# A pain in the butt...



## Flyout95 (Apr 13, 2012)

Look at all that cast iron!


----------



## dannyoung85 (Oct 8, 2013)

What kind of project are you installing all that service weight for?


----------



## Flyout95 (Apr 13, 2012)

dannyoung85 said:


> What kind of project are you installing all that service weight for?


It's a pre-k school.


----------



## dannyoung85 (Oct 8, 2013)

Is the above grade DWV hub and spigot too or are you doing no-hub?


----------



## Flyout95 (Apr 13, 2012)

dannyoung85 said:


> Is the above grade DWV hub and spigot too or are you doing no-hub?


Above will be PVC.


----------



## Flyout95 (Apr 13, 2012)

Wonderful.


----------



## plumbdrum (Nov 30, 2013)

Flyout95 said:


> Wonderful.


Seems like a lot of extra vents? Why not battery vent all the W.C?, saves a lot of work

Sent from my iPhone using PlumbingZone


----------



## Flyout95 (Apr 13, 2012)

plumbdrum said:


> Seems like a lot of extra vents? Why not battery vent all the W.C?, saves a lot of work Sent from my iPhone using PlumbingZone


Each fixture needs its own vent. IL code.


----------



## plumbdrum (Nov 30, 2013)

Flyout95 said:


> Each fixture needs its own vent. IL code.
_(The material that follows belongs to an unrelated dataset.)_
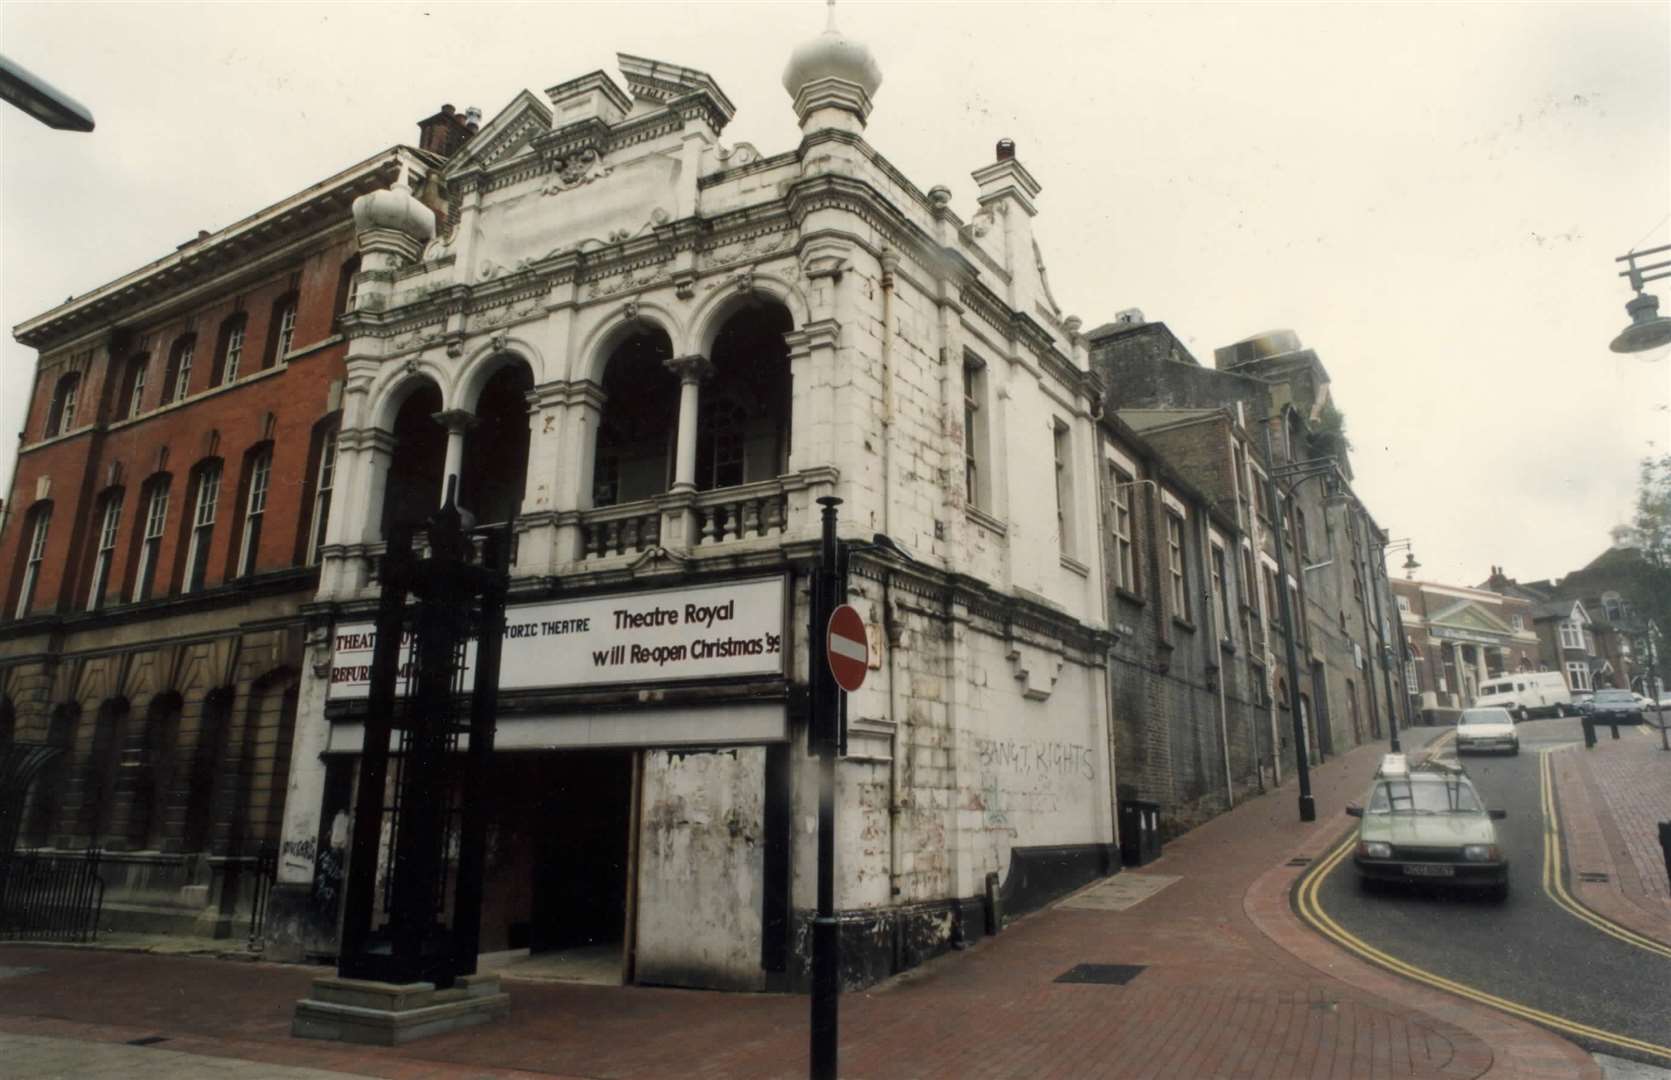 The theatre is shown here in 1995 when it was close to total demolition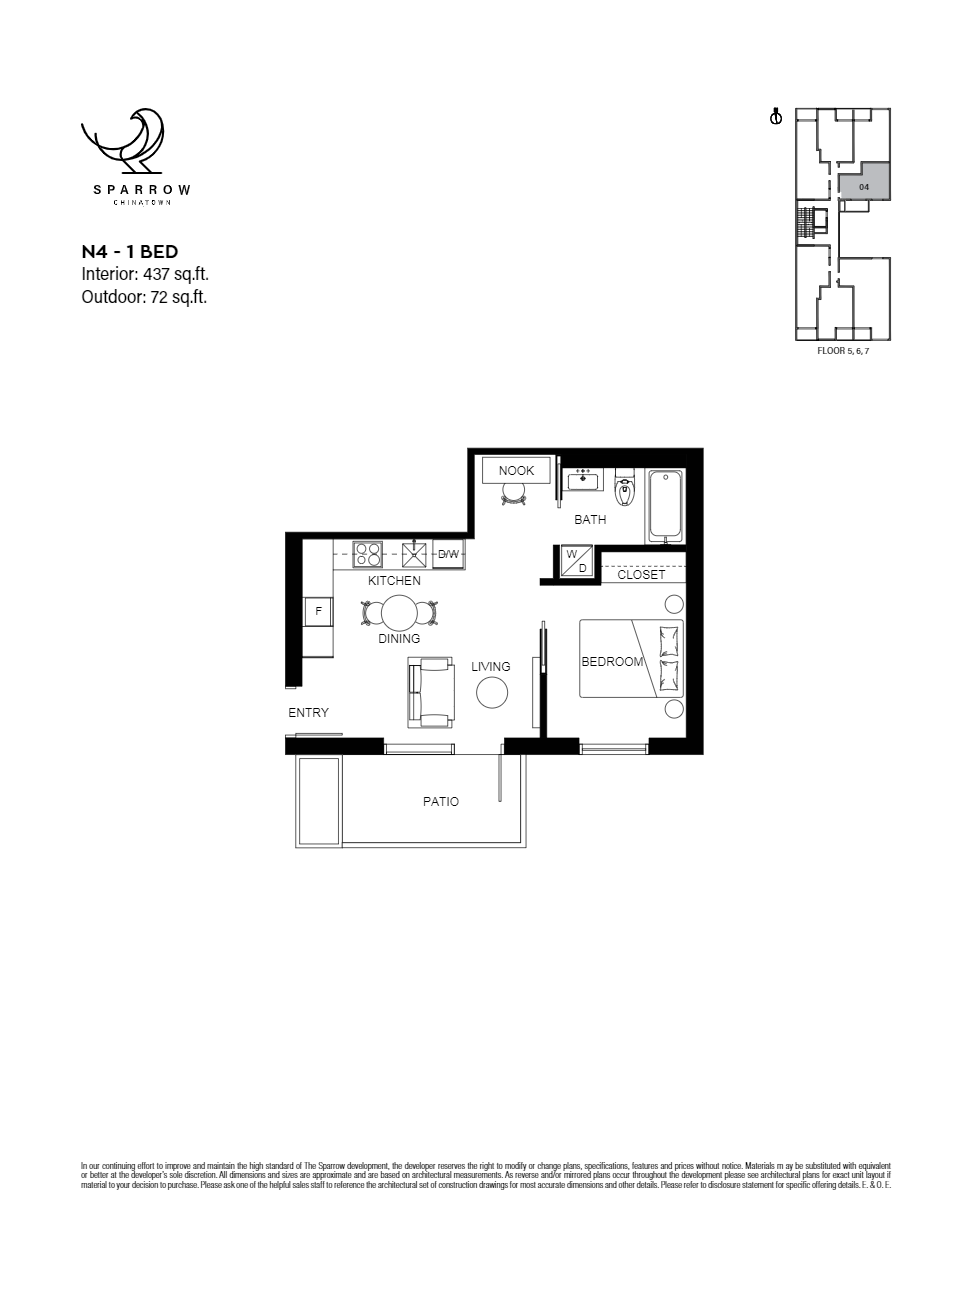 N4 Floor Plan of Sparrow Condos with undefined beds

Do they allow Battery Venting at all???? It's a nice job, not knocking your work, it's just a Battery is soooo much less work, 2 vents you could pick up all those W.C's and floor drains, and you could still tie in your lav's with individual vents.

Sent from my iPhone using PlumbingZone


----------



## plumbdrum (Nov 30, 2013)

plumbdrum said:


> Do they allow Battery Venting at all???? It's a nice job, not knocking your work, it's just a Battery is soooo much less work, 2 vents you could pick up all those W.C's and floor drains, and you could still tie in your lav's with individual vents. Sent from my iPhone using PlumbingZone











Start your battery with a vent, install vent between your last 2 floor mounted fixtures.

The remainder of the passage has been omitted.